═════ Information ═════

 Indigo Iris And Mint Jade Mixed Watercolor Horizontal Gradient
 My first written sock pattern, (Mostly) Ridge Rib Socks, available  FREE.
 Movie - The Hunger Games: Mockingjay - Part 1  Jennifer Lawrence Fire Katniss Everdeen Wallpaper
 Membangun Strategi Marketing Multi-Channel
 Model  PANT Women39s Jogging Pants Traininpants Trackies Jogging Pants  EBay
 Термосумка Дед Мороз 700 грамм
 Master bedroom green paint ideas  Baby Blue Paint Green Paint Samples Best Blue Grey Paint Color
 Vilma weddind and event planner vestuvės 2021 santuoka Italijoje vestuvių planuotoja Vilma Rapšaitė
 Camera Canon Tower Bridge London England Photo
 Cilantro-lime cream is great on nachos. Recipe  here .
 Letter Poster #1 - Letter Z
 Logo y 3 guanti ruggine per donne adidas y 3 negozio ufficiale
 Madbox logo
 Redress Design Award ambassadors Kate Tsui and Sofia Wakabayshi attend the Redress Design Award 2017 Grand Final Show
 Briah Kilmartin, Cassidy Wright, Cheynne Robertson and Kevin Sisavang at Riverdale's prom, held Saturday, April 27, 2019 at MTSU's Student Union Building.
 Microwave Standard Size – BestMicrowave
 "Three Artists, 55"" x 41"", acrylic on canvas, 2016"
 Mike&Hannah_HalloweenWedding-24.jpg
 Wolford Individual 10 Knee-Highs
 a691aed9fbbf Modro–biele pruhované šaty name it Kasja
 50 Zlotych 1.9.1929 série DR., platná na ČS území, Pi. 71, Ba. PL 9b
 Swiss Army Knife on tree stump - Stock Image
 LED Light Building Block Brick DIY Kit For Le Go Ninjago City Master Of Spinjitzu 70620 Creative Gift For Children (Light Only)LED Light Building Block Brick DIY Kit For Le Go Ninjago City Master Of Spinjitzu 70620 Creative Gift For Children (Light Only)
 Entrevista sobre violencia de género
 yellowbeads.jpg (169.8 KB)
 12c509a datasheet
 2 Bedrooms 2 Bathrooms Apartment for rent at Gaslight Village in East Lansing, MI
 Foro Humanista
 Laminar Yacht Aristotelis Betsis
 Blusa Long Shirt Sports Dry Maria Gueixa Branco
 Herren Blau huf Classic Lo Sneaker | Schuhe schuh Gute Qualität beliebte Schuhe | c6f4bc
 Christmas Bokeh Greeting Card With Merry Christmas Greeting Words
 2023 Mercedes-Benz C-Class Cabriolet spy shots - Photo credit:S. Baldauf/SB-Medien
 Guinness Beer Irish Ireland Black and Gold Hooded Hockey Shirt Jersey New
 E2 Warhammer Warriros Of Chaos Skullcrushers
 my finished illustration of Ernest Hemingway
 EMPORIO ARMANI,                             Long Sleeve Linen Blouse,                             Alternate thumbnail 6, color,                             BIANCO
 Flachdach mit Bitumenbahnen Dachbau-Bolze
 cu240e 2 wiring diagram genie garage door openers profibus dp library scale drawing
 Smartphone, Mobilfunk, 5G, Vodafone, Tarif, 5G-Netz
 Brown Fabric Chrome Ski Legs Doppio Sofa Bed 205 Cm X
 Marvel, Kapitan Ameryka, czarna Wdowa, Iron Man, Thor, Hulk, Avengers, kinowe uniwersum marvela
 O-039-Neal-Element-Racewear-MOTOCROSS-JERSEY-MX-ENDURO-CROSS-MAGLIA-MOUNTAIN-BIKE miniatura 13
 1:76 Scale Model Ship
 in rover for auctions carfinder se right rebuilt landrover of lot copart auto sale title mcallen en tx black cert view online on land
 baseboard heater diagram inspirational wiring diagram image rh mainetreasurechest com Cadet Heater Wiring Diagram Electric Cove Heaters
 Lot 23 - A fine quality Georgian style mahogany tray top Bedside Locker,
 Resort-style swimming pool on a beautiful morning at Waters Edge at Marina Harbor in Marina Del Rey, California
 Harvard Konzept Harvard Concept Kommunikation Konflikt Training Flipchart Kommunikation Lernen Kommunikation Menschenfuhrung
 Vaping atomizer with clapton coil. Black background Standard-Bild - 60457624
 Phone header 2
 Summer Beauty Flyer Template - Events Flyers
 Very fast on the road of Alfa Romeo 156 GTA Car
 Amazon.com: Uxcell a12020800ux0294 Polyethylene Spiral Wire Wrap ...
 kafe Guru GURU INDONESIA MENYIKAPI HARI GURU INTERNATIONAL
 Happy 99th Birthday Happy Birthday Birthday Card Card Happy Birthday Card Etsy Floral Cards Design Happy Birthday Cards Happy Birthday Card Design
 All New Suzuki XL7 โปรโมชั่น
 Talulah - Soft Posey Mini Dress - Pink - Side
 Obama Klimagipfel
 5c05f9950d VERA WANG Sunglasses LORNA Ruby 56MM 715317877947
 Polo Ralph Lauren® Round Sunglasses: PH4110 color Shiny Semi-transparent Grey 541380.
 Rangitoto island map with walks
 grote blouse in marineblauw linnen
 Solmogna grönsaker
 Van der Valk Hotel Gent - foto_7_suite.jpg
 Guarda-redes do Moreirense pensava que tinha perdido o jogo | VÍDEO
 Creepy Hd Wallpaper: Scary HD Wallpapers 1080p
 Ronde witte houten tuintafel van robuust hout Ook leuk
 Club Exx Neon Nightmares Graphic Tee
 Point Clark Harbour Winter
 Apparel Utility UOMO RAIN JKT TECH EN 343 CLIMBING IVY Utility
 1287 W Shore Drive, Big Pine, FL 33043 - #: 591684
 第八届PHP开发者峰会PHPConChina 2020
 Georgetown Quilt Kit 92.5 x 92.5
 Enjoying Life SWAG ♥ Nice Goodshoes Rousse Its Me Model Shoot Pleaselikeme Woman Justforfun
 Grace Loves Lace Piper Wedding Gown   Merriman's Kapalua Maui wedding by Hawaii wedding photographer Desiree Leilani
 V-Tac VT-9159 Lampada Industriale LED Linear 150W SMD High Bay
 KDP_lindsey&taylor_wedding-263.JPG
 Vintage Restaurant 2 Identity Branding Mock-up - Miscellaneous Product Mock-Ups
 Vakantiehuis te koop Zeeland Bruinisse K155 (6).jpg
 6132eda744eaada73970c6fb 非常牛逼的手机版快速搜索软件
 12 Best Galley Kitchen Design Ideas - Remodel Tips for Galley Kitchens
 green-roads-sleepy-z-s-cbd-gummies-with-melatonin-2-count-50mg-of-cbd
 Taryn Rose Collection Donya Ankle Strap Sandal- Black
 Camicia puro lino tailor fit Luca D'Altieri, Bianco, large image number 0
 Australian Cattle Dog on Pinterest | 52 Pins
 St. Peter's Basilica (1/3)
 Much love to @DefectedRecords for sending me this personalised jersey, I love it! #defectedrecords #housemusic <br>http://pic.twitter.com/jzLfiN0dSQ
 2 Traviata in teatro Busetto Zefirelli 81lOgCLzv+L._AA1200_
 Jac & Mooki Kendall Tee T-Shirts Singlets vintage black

═════

> What is being asked
Every line above that holds the string "Long" should be copied out.

> Answer box
 Blusa Long Shirt Sports Dry Maria Gueixa Branco
 EMPORIO ARMANI,                             Long Sleeve Linen Blouse,                             Alternate thumbnail 6, color,                             BIANCO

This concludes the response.